Data section:
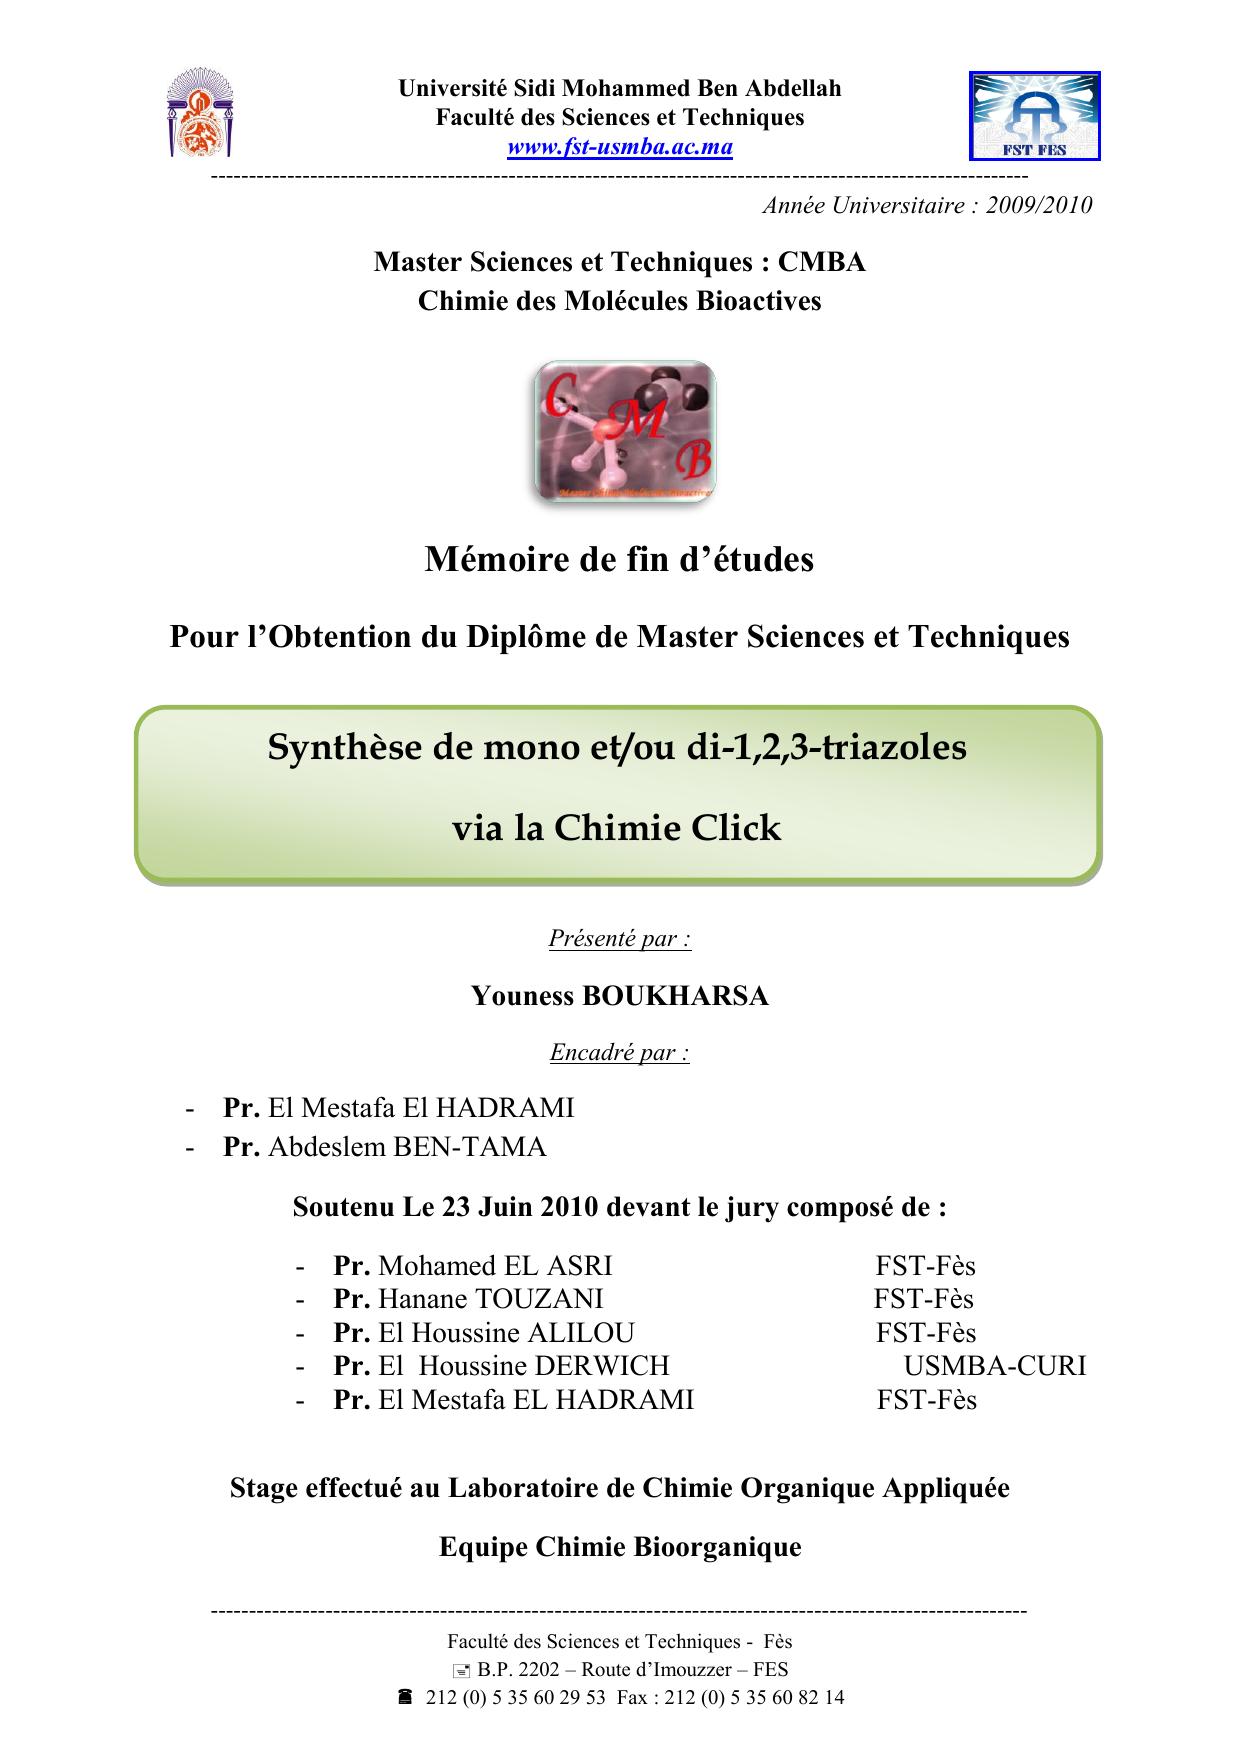 Synthèse de mono et/ou di-1,2,3-triazoles via la Chimie Click
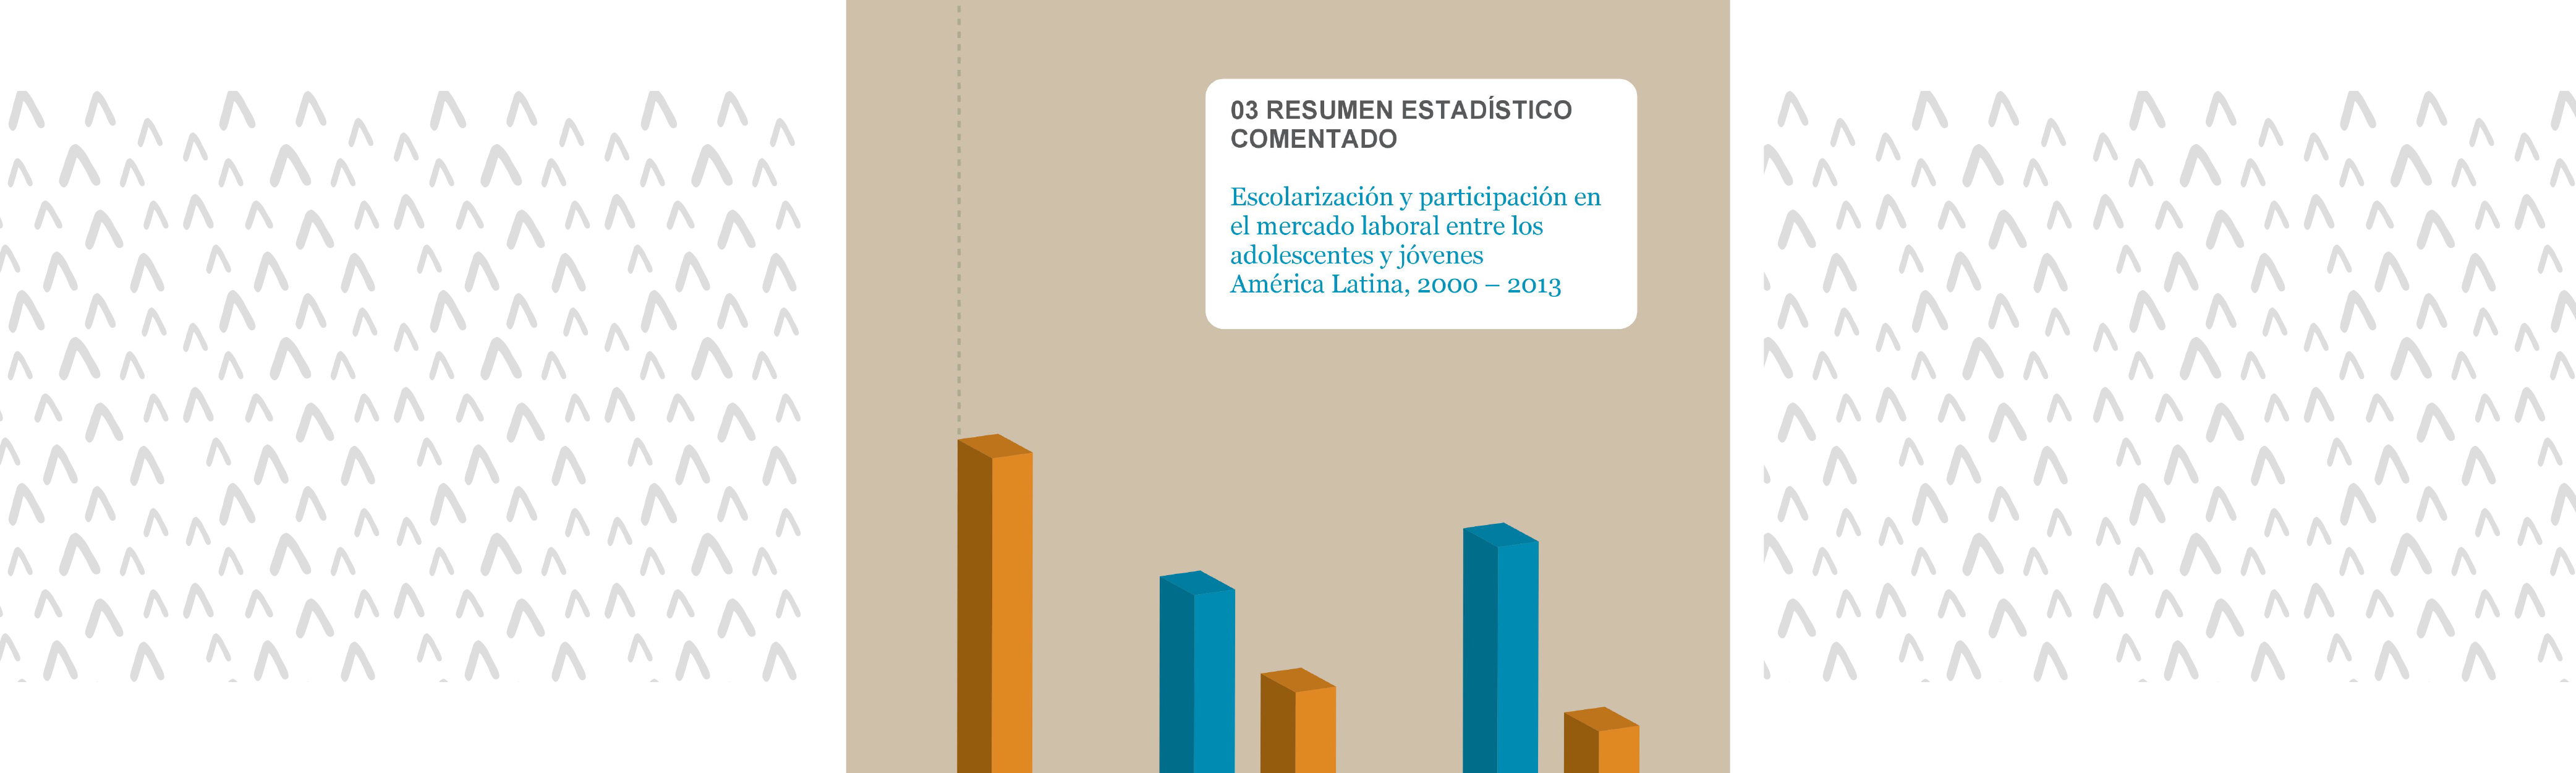 	Escolarización y participación en el mercado laboral entre los adolescentes y jóvenes América Latina, 2000 -2013. Resumen estadístico comentado
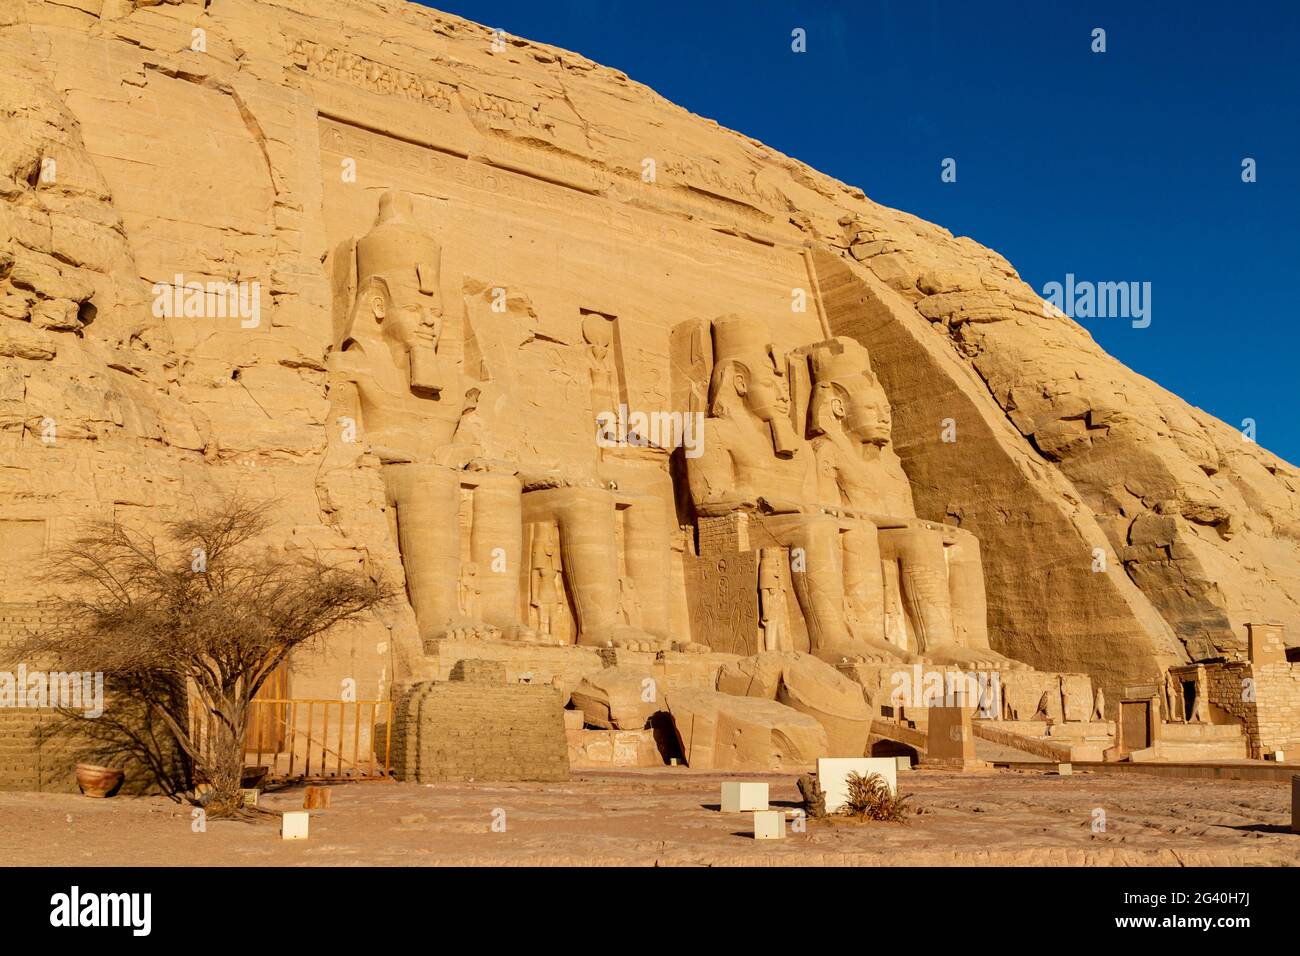 Les temples d'Abou Simbel en Egypte Banque D'Images
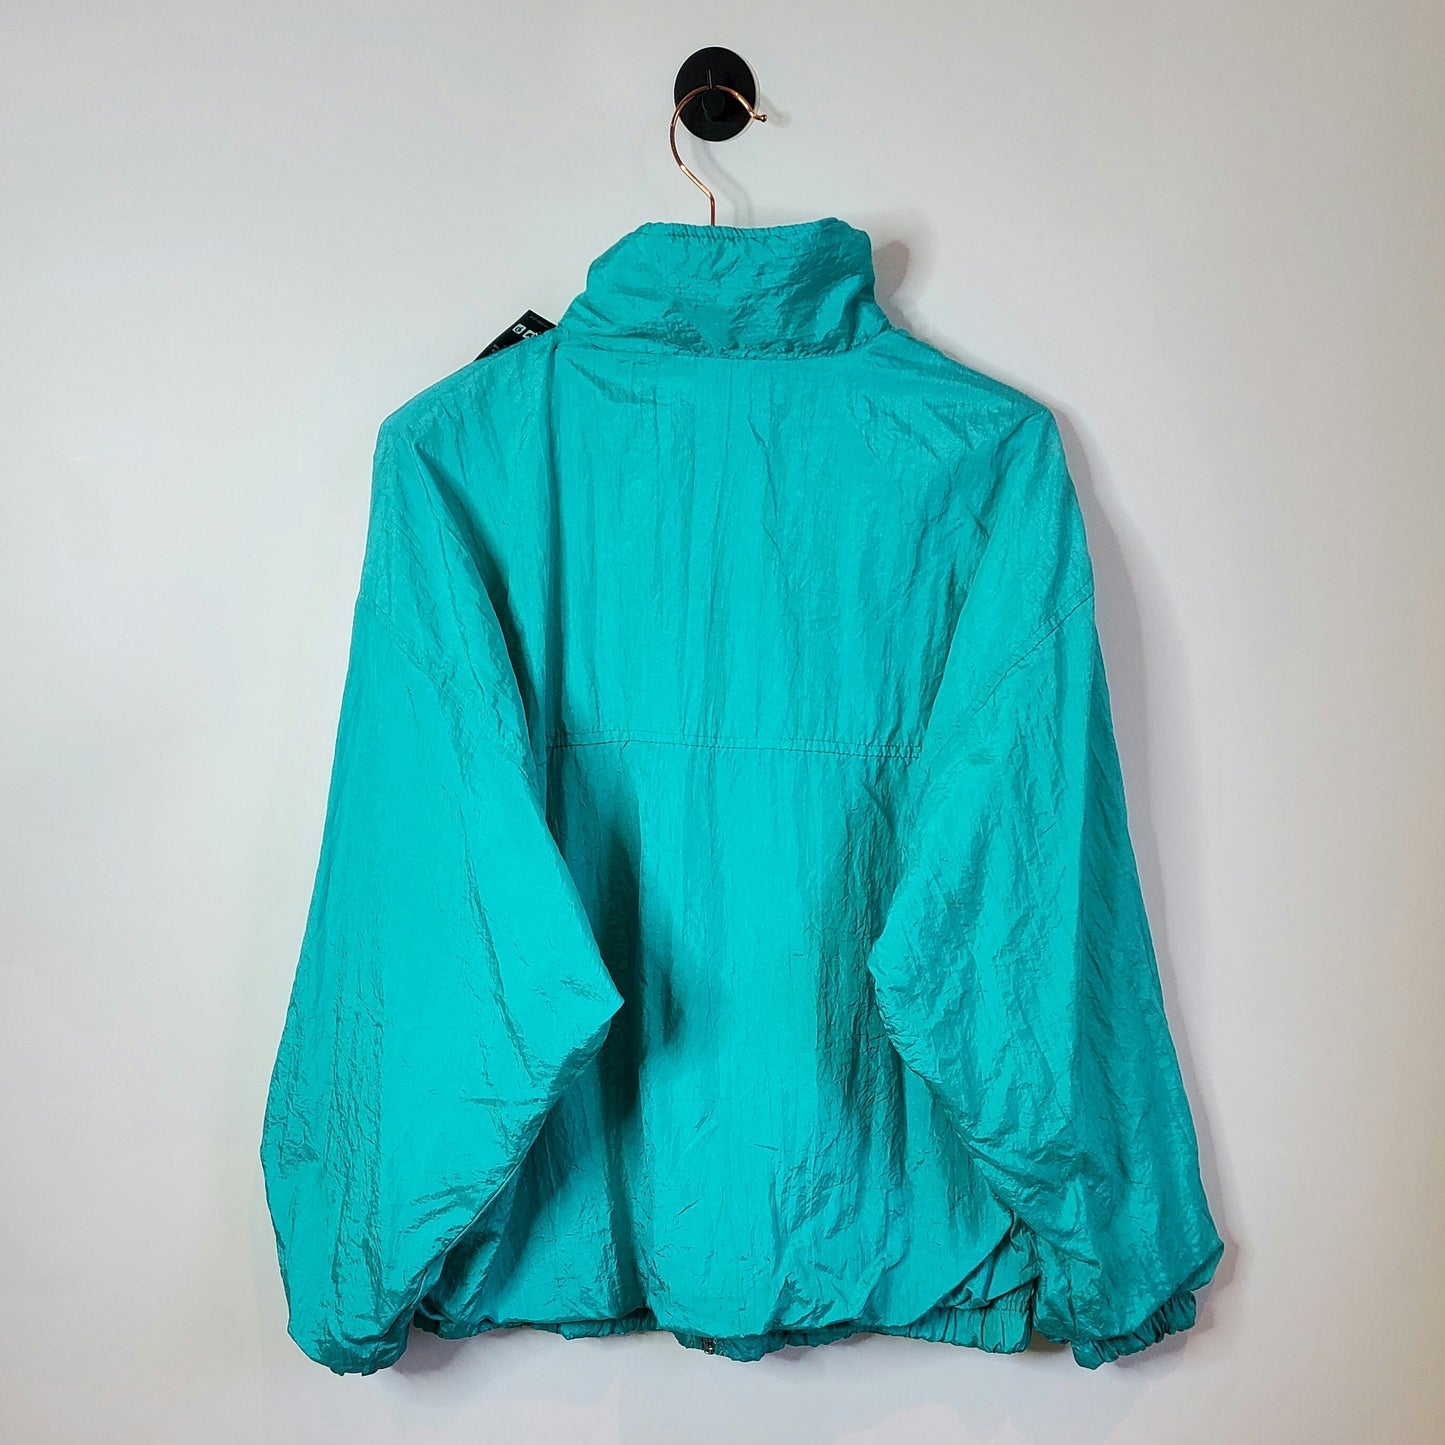 Vintage 90s Windbreaker Jacket Size Large Green

Exercise details:
Make an exact copy of the listing above, omitting the pictures.

Completed task:
 Synthèse de mono et/ou di-1,2,3-triazoles via la Chimie Click
 	Escolarización y participación en el mercado laboral entre los adolescentes y jóvenes América Latina, 2000 -2013. Resumen estadístico comentado
 Les temples d'Abou Simbel en Egypte Banque D'Images
 Vintage 90s Windbreaker Jacket Size Large Green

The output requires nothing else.